The 9th time, they wonder if they’re missing out on something.
The 10th time, they ask their friends or neighbors if they’ve tried it.
The 11th time, they wonder how the company is paying for all these ads.
The 12th time, they start to think that it must be a good product.
The 13th time, they start to feel the product has value.
The 14th time, they start to feel like they’ve wanted a product like this for a long time.
The 15th time, they start to yearn for it because they can’t afford to buy it.
The 16th time, they accept the fact that they will buy it sometime in the future.
The 17th time, they make a commitment to buy the product.
The 18th time, they curse their poverty because they can’t buy this terrific product.
The 19th time, they count their money very carefully.
The 20th time prospects see the ad, they buy what it is offering.

Now consider this: Mr. Smith penned this witty insight back in 1885 — over 129 years ago! Advertising was still in its infancy, but savvy marketers like Smith quickly figured out that “more frequency = more effective.”

So you still want to know how many times do you need to run your next home loan ad? The truth is: there is no single “right” answer.

“’Effective frequency’ might mean that a single advertising exposure is able to influence the purchase of a brand,” says John Philip Jones, a noted author on advertising and marketing. “But the phrase was really coined to communicate the idea that there must be enough concentration of media weight to cross a certain threshold — that there has to be enough of it before the consumer buy a product to influence their choice.”

There is one thing everyone generally agrees on though: messages are more effective when repeated.

And they are more believable, too.

Repeat It, Believe It

Fact: This sentence will become more and more truthful every time you read it.

Studies suggest that repeated statements are perceived as more truthful than statements made less frequently, “presumably because repetition imbues the statement with familiarity.” In simple terms: frequency breeds familiarity, and familiarity breed trust.

Similarly studies show that repeated exposure to an opinion makes people believe the opinion is more prevalent, even if the source of that opinion is only a single person.

So not only do consumers remember a statement that gets repeated, they are more likely to believe it, and think it is the popular opinon.

Reshaping Your Strategy

What does this all mean for bank and credit union marketers?

Fewer messages, more often.

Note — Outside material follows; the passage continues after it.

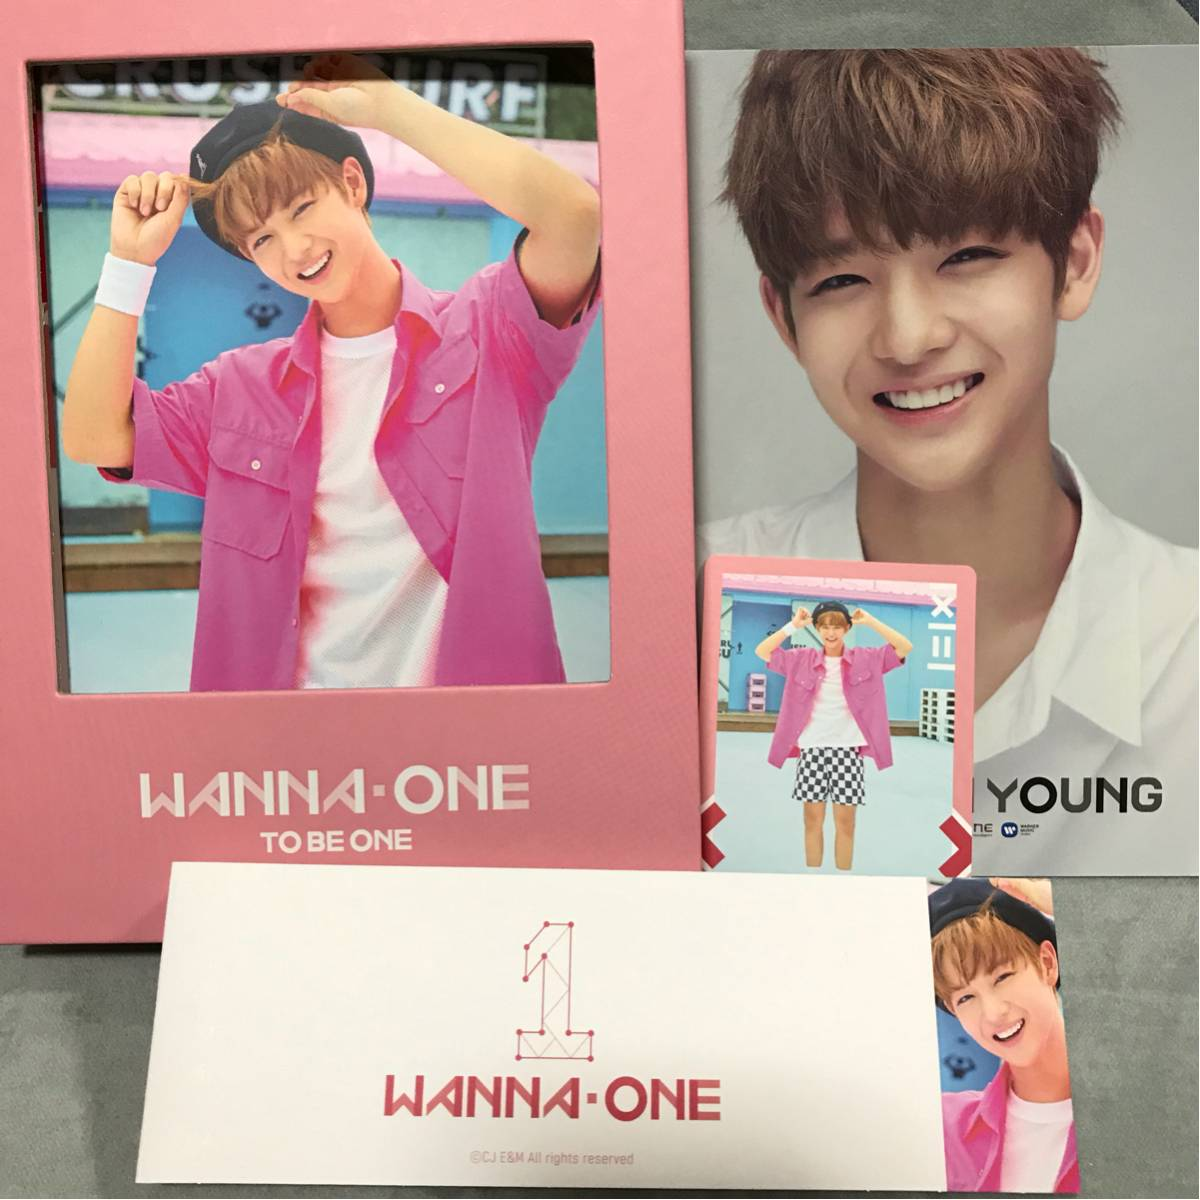 新作!Wannaone ワナワン 韓国盤CD pink ペジニョン コンプリートver. 台湾盤限定特典ポストカード付き!

You should limit the number of messages you try to communicate through marketing. If repetition fosters both awareness and trust, you’ll do better working with a shorter list of messages communicated more frequently than the long laundry list of messages many marketers try to work with.

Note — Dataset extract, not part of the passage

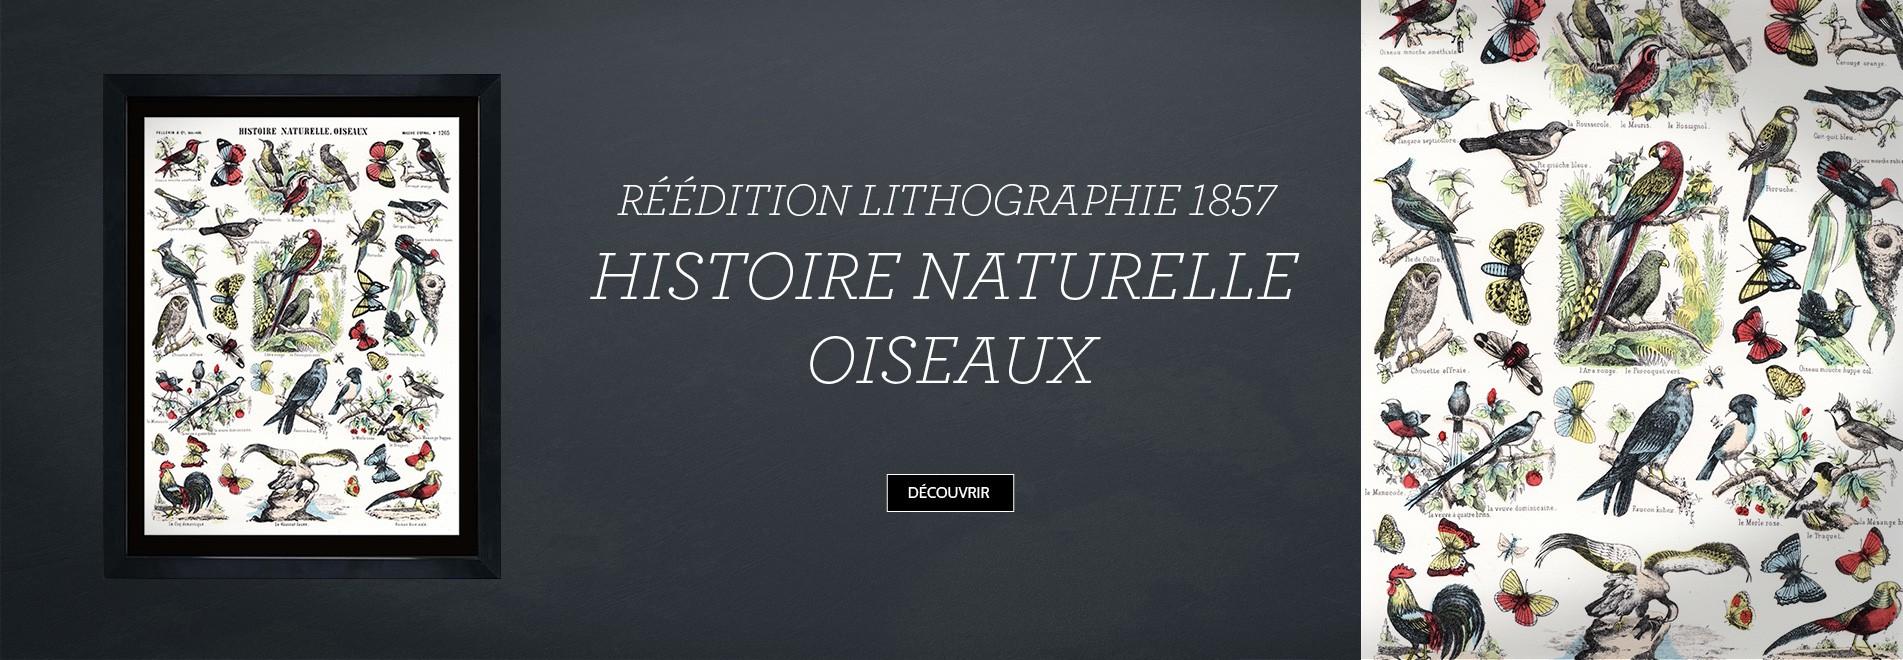 REEDITION LITHOGRAPHIE 1857 – HISTOIRE NATURELLE OISEAUX

Beware of Boredom. If you’re doing it right — saying the same thing over and over — you will get bored of hearing yourself speak long before your message sinks in with consumers. In fact, financial institutions frequently pull the plug on their marketing messages prematurely. Whenever a bank or credit union gets a new head of marketing, a new strategy and set of messages follow shortly thereafter. Same thing when financial institutions change ad agencies; the new agency almost always abandons the work of their predecessor(s).

Stick to your script. You’ll have to fight your boredom (or your ad agency’s), because the temptation to do something new and different will always be great. You may try to convince yourself that “the audience has already heard what we have to say — they know this already.” Don’t fool yourself. It takes years for some messages to connect with consumers, and even longer if you’re trying to reshape perceptions consumers have held for years.

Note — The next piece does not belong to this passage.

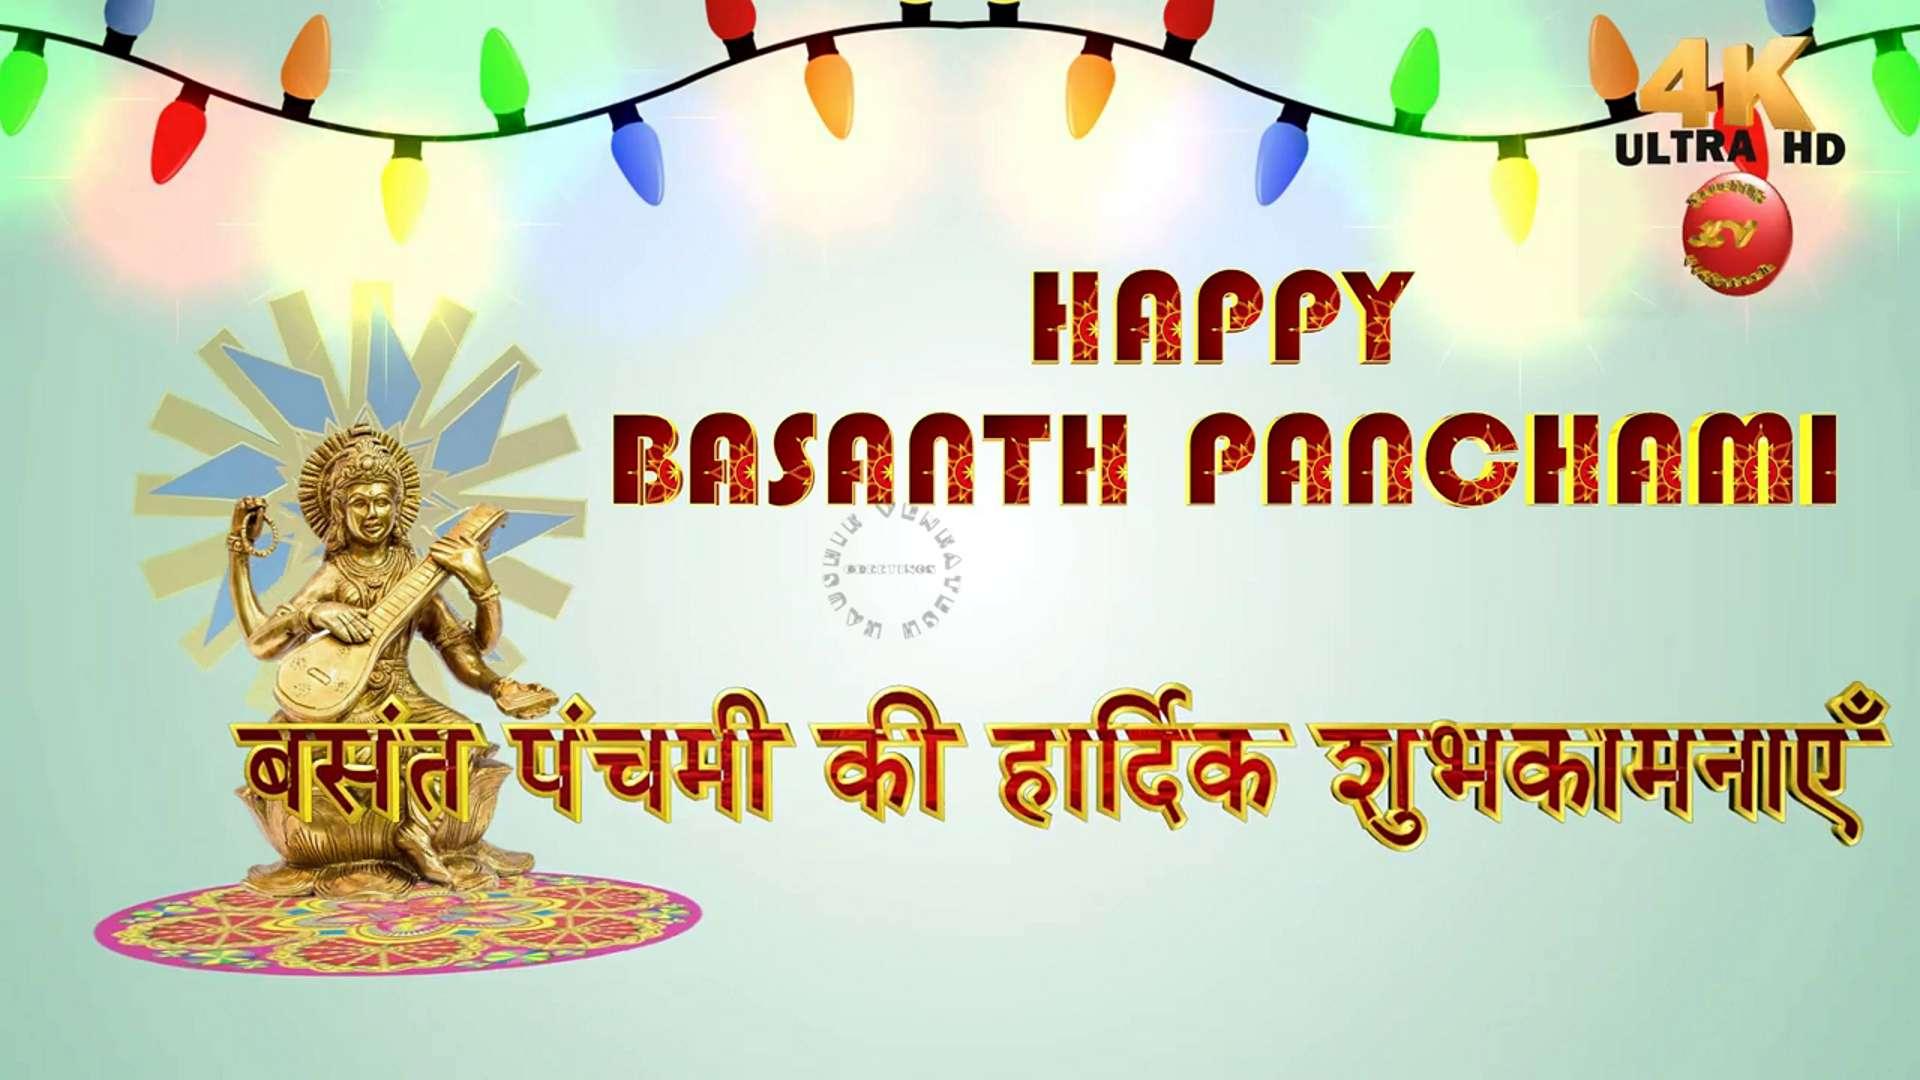 Basant Panchami Ki Hardik Shubhkamanaye

Rethink how you spend your media dollars. Would you rather get your marketing message in front of 30,000 people one time, or 10,000 people three times? Instead of targeting your entire customer/member base with the same message all at once, you’ll find greater success if you segment your audience. The process of segmentation will, in turn, force you to use better data/analytics when choosing the right groups to target (i.e., which 10,000 consumers should you hit three times?), which also allows you to tailor messages with greater relevancy/specificity for your audience.